Die Parasiten existierten wohl schon vor mehr als 65 Millionen Jahren. Demnach hätten sich auch Vögel und Säugetiere früher entwickelt als gedacht

London. Hatte schon der T. Rex Läuse? Der gewaltige Raubsaurier aus der Gruppe der Theropoda lebte am Ende der Kreidezeit - und schon damals, also vor dem großen Massensterben der Dinosaurier vor rund 65 Millionen Jahren, existierten womöglich auf Vögel und Säuger spezialisierte Läuse, wie ein internationales Forscherteam im Fachblatt "Biology Letters" berichtet.

Bisher waren Evolutionsforscher davon ausgegangen, dass Vögel und Säuger - die Wirte der Parasiten - sich erst entwickelten, nachdem eine Katastrophe - vermutlich ein Meteoriteneinschlag und Vulkanausbrüche - das Ende der Dinosaurier eingeläutet hatte. Die neuen Erkenntnisse deuten nun nicht nur darauf hin, dass Vögel und Säuger möglicherweise schon lange vor dem Aussterben der großen Echsen eine gewisse Vielfalt erreichten, sondern auch, dass die Dinosaurier selbst unter Läusen zu leiden hatten.

"Läuse sind lebende Fossilien", schreibt der Erstautor der Studie, Vincent Smith vom Naturkundemuseum in London. "Das Archiv unserer Vergangenheit spiegelt sich in diesen Parasiten, daher kann man sie als Wegzeichen für unsere Entwicklung nutzen."

Smith hatte mit seinen Forscherkollegen die DNA-Sequenzen der Gene von 69 heutigen Läuse-Abstammungslinien verglichen und aus den Unterschieden einen - wenn auch nur sehr unvollständigen - Familienstammbaum erstellt. Unterschiede in Gensequenzen zeigen relativ verlässlich an, ob verschiedene Arten eher eng oder weit entfernt miteinander verwandt sind. Dabei gilt: Je größer die Unterschiede, desto weiter entfernt die Verwandtschaft - und desto länger zurück liegt die Zeit, in der sich der bei einem gemeinsamen Vorfahren beginnende Stammbaum verzweigte.

Erst kürzlich waren bei Ausgrabungen uralte Fossile von Läusen entdeckt worden: Das älteste Fossil, datiert auf die Zeit vor 100 Millionen Jahren, ist eine Laus aus der Familie der Liposcelididae. Dabei handelt es sich um nicht parasitäre Läuse, die aber zu den engsten Verwandten parasitärer Läuse zählen. Ein zweites wichtiges Fossil, vermutlich 44 Millionen Jahre alt, ist eine Vogel-Laus, also ein Parasit. Diese beiden Fossile nutzten die Forscher als zeitliche Orientierungspunkte, um zusammen mit den genetischen Daten aus dem Stammbaum darauf zu schließen, ab wann sich parasitäre Läuse verbreitet haben könnten. Dies geschah, so ihr Fazit, deutlich vor der Grenze zwischen Kreide und Tertiärzeitalter vor 65 Millionen Jahren.

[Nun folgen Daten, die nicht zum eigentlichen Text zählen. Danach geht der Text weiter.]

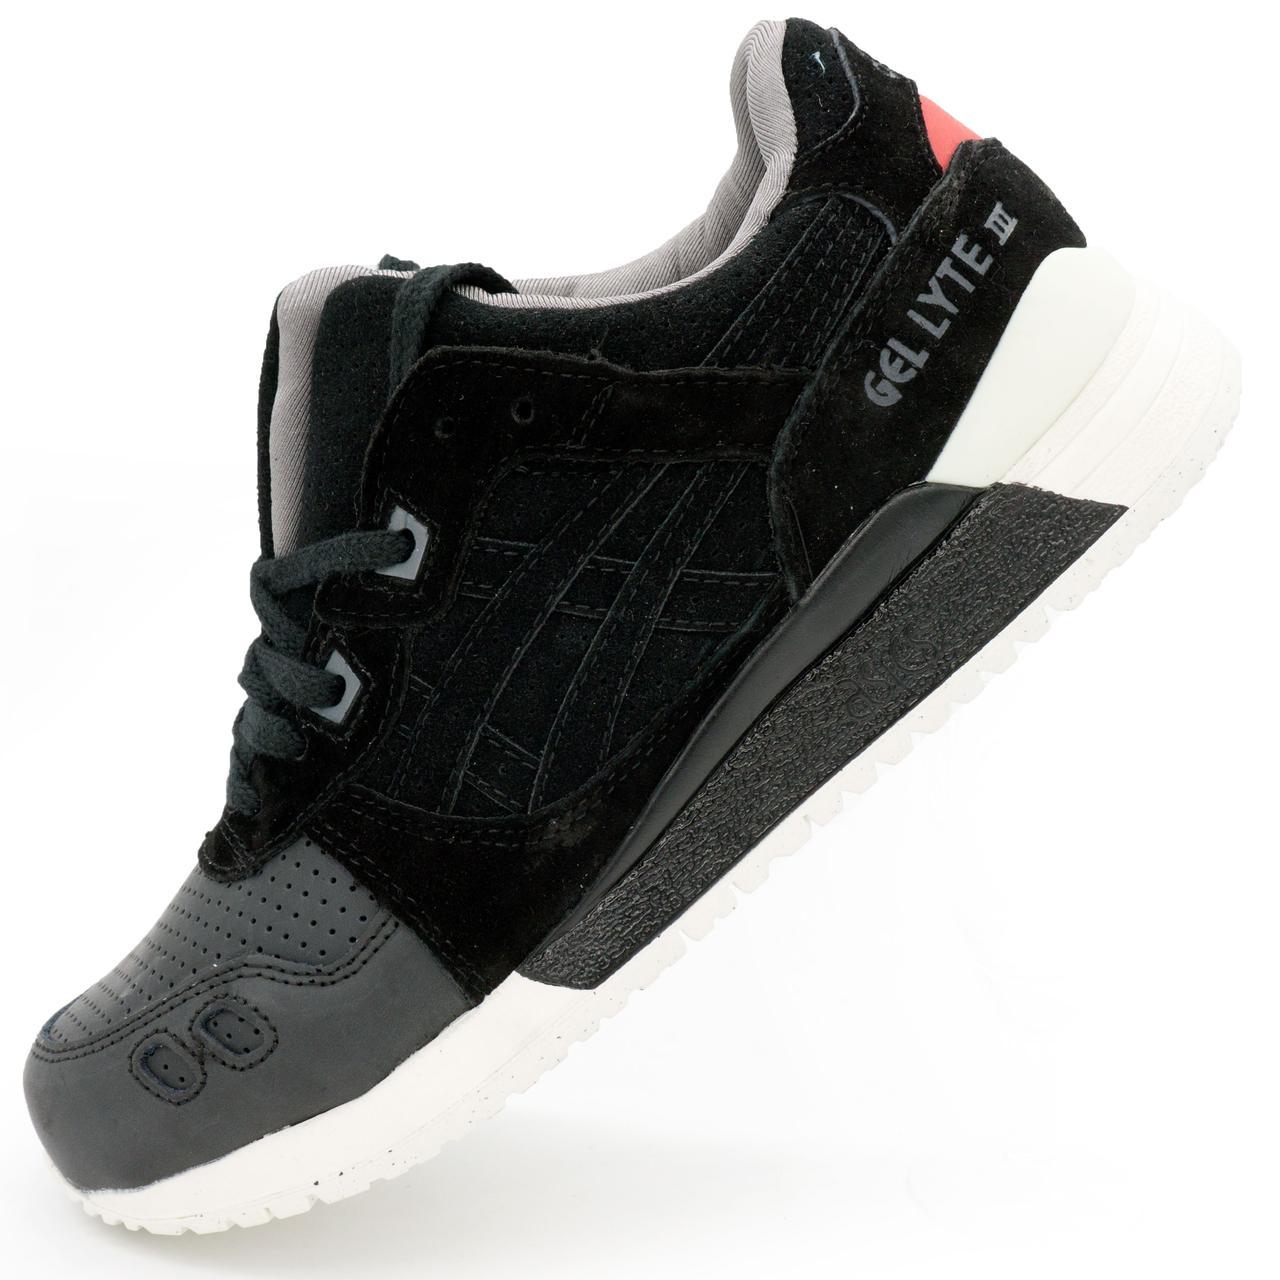 bbb802c3 Черные мужские и женские кроссовки Асикс Asics Gel Lyte 3 натурал кожа р.(42

Wenn das stimmt, liegt der Schluss nahe: Wo parasitäre Läuse waren, müssen auch ihre Wirte gewesen sein - Vögel und Säugetiere. Diese hätten demnach nicht die Lücken gefüllt, welche die Dinosaurier mit ihrem Aussterben hinterließen. Vielmehr hätten sich Vögel und Säugetiere schon ausgebreitet, bevor oder während die Dinosaurier ausstarben.

Dazu passen Studien, die zeigten, dass sich schon vor der Katastrophe innerhalb der Theropoda vogelähnliche Tiere entwickelt haben könnten. Saurier wie der T. Rex wären demnach Vorfahren heutiger Vögel, womöglich hatten einige dieser Echsen sogar ein Gefieder. Insofern sei es möglich, dass auch "gefiederte Theropoden von Läusen befallen wurden", schreibt Vincent Smith.

Dies lasse allerdings noch einen weiteren Schluss zu, kommentiert Smiths Mitautor Kevin Johnson, Vogelkundler an der amerikanischen University of Illinois at Urbana-Champaign: Vielleicht seien die Vögel gar nicht die ersten Wirte von parasitären Läusen gewesen. "Vielleicht haben die Vögel ihre Läuse ja schlicht von den Dinosauriern geerbt."